Unveiling the Aroma of Apprehension: Máret Ánne Sara Revamps Tate's Exhibition Space with Arctic Deer Themed Installation

Attendees to the renowned gallery are accustomed to unexpected encounters in its vast Turbine Hall. They've basked under an simulated sun, slid down helter skelters, and observed AI-powered jellyfish floating through the air. But this marks the first time they will be immersing themselves in the complex nose passages of a reindeer. The latest artistic project for this immense space—developed by Indigenous Sámi artist Máret Ánne Sara—welcomes gallerygoers into a winding structure modeled after the expanded inside of a reindeer's nose airways. Inside, they can wander around or unwind on skins, tuning in on headphones to Sámi elders imparting tales and wisdom.

Why the Nose?

What's the focus on the nose? It could appear playful, but the exhibit pays tribute to a little-known scientific wonder: experts have discovered that in a fraction of a second, the reindeer's nose can raise the temperature of the ambient air it breathes in by 80°C, enabling the creature to thrive in extreme Arctic conditions. Enlarging the nose to human-scale dimensions, Sara says, "generates a feeling of insignificance that you as a human being are not dominant over nature." She is a former reporter, children's author, and environmental activist, who is from a reindeer-herding family in the far north of Norway. "Perhaps that generates the chance to shift your outlook or evoke some humbleness," she adds.

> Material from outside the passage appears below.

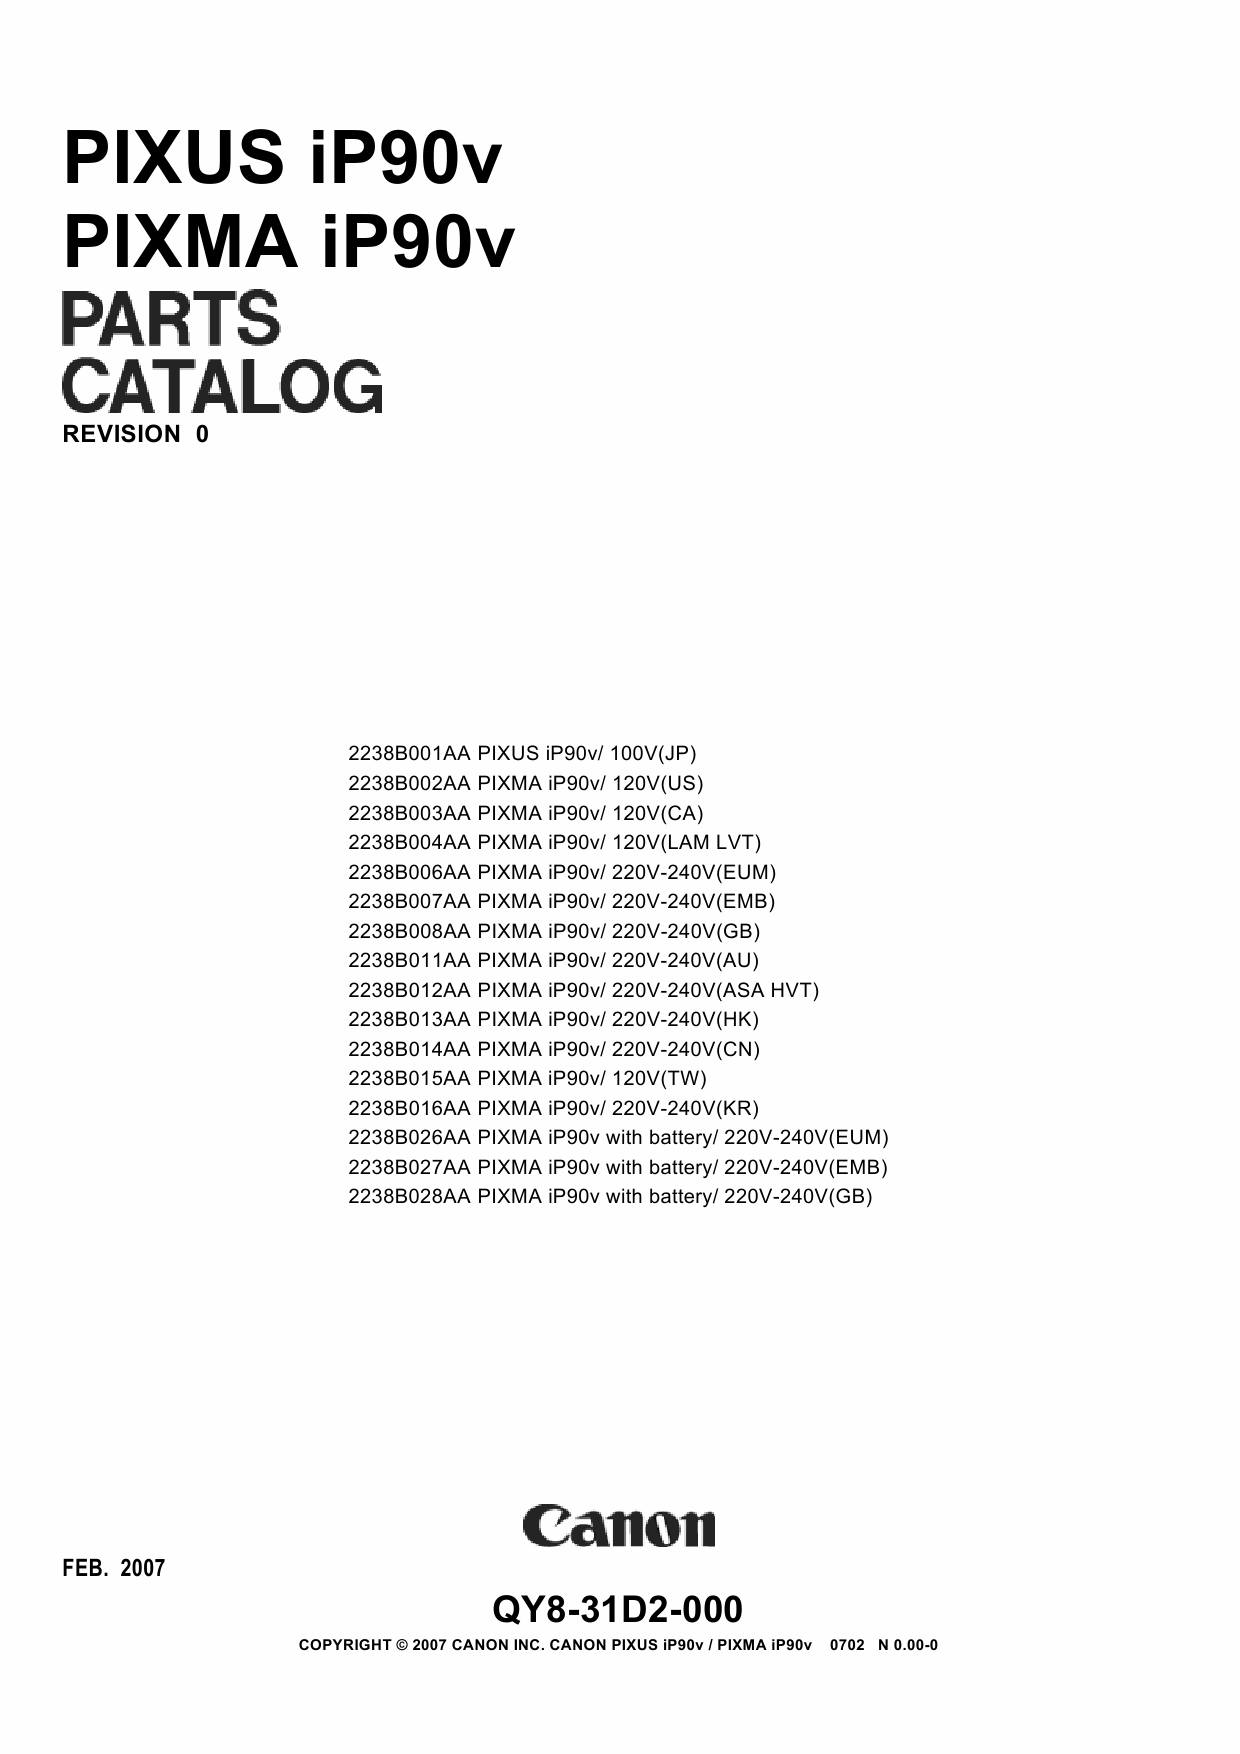 Canon PIXMA iP90v Parts Catalog Manual-1

A Tribute to Indigenous Heritage

The maze-like installation is among various elements in Sara's absorbing art project honoring the heritage, knowledge, and philosophy of the Sámi, Europe's only Indigenous people. Traditionally mobile, the Sámi total approximately 100,000 people ranged across the Norwegian north, Finland, the Swedish Lapland, and the Kola region (an region they call Sápmi). They've endured discrimination, forced assimilation, and suppression of their tongue by all four nations. By focusing on the reindeer, an creature at the center of the Sámi mythology and founding narrative, the work also highlights the people's issues relating to the environmental emergency, property rights, and external control.

Symbolism in Elements

On the lengthy entrance ramp, there's a towering, eighty-five-foot formation of reindeer hides trapped by electrical wires. It can be read as a analogy for the governance and financial structures restricting the Sámi. Partly a utility pole, part heavenly staircase, this part of the artwork, called Goavve-, refers to the Sámi word for an severe climatic event, in which solid sheets of ice develop as varying temperatures melt and refreeze the snow, trapping the reindeers' primary cold-season sustenance, lichen. The condition is a result of global heating, which is taking place up to much more rapidly in the Arctic than in other regions.

Three years ago, I met with Sara in Guovdageaidnu during a goavvi winter and went with Sámi pastoralists on their snowmobiles in biting cold as they hauled containers of food pellets on to the exposed frozen landscape to provide manually. The herd surrounded round us, digging the icy ground in vain attempts for lichen-covered pieces. This expensive and labour-intensive process is having a severe influence on herding practices—and on the animals' natural survival. But the choice is starvation. When such conditions become routine, reindeer are dying—a number from hunger, others suffocating after falling into lakes and rivers through unstable frozen surfaces. On one level, the art is a monument to them. "With the layering of elements, in a way I'm bringing the phenomenon to London," says Sara.

Diverging Perspectives

The sculpture also emphasizes the clear difference between the modern interpretation of electricity as a resource to be utilized for economic benefit and existence and the Sámi philosophy of energy as an natural power in animals, humans, and land. This venue's history as a coal and oil power station is tied up in this, as is what the Sámi see as green colonialism by regional governments. As they strive to be leaders for sustainable power, these states have clashed with the Sámi over the building of wind energy projects, river barriers, and mines on their native soil; the Sámi argue their legal protections, livelihoods, and traditions are endangered. "It's hard being such a tiny group to stand your ground when the arguments are based on environmental protection," Sara comments. "Mining practices has appropriated the language of sustainability, but still it's just attempting to find more suitable ways to persist in habits of use."

Family Conflicts

She and her kin have themselves clashed with the state authorities over its tightening rules on reindeer management. Previously, Sara's brother embarked on a series of finally failed lawsuits over the required reduction of his animals, supposedly to stop vegetation depletion. To back him, Sara developed a four-year set of creations named Pile O'Sápmi comprising a colossal drape of four hundred cranial remains, which was shown at the the show Documenta 14 and later obtained by the National Museum of Oslo, where it resides in the lobby.

Creative Expression as Awareness

For numerous Indigenous people, creative work seems the only sphere in which they can be listened to by outsiders. In 2022, Sara was {one of three|among a group of|

Jeffery Sims
Jeffery Sims

A tech strategist with over a decade in digital innovation, specializing in AI integration and sustainable tech solutions.